Container platform service

A service in container platform environments is a logical set of pods that represents a given application. The service exposes a single entry point for the application process. While the pods that comprise the service are ephemeral, the service is persistent. The service entity also gives historical tracking of the number of replicas that run to support the service.

Note:

For details about services discovered through APM targets, see this topic.

Synopsis

Container platform service in the supply chain
Synopsis
Provides: Response time and transactions to Business Transactions and Business Applications
Consumes from: Container pods and the underlying nodes
Discovered through: Kubeturbo agent that you deployed to your cluster

Monitored resources

Turbonomic monitors the following resources:

  • Response time

    Response time is the elapsed time between a request and the response to that request. Response time is typically measured in seconds (s) or milliseconds (ms).

    For LLM inference workloads, response time is the turnaround time for each request, including both queuing time and service time. When there is no request, response time is unavailable.

  • Transaction

    Transaction is a value that represents the per-second utilization of the transactions that are allocated to a given entity.

    For LLM inference workloads, Transaction is the total number of tokens per second, which includes both input tokens and generated tokens. When there is no request, Transaction is zero.

  • Number of replicas

    Number of replicas is the number of Application Component replicas running over a given time period.

  • Concurrent queries

    For LLM inference workloads, concurrent queries is the number of concurrent queries to a workload. When there is no request, concurrent queries is zero.

  • Queueing time

    For LLM inference workloads, queueing time is the amount of time that a request spends in a queue before it is processed.
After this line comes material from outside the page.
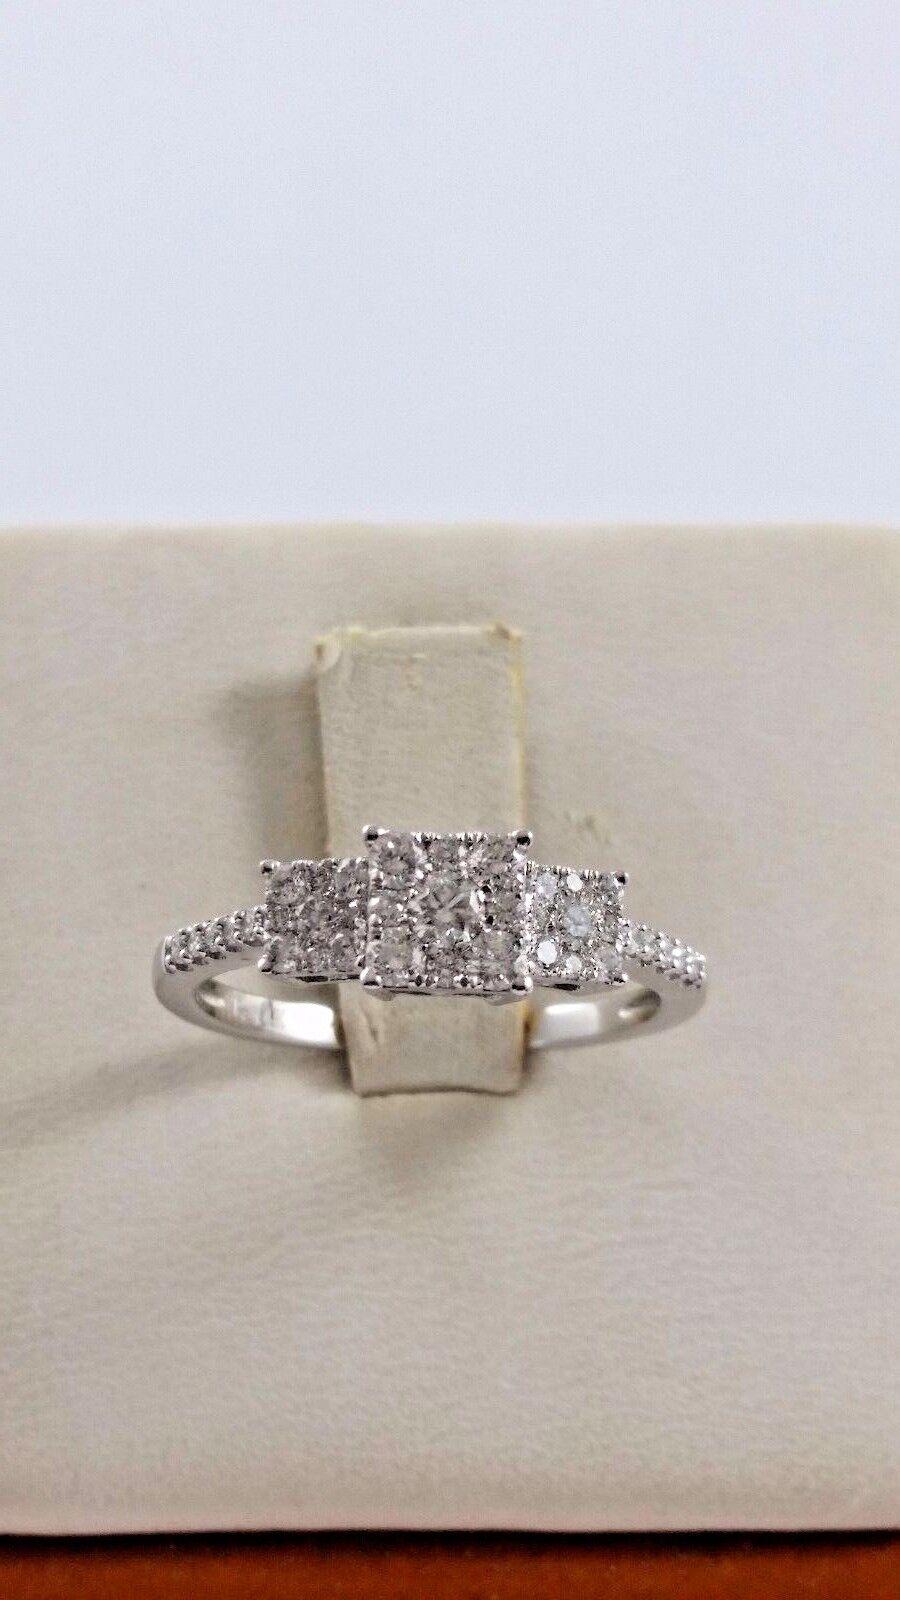 Beautiful 14K Karat White gold Bridal Engagement Ring with Diamonds

When there is no request, queueing time is zero.

  • Service time

    For LLM inference workloads, service time SLO is the amount of processing time needed to generate the next token. This metric is relatively stable for a given model and GPU resource. When there is no request, service time is unavailable.

Actions

Scale (through workload controllers)

Turbonomic recommends actions to scale the replicas that back the container platform services. Set the scope to the associated Workload Controller to view and execute the actions.

For details, see Workload Controller Scale Actions.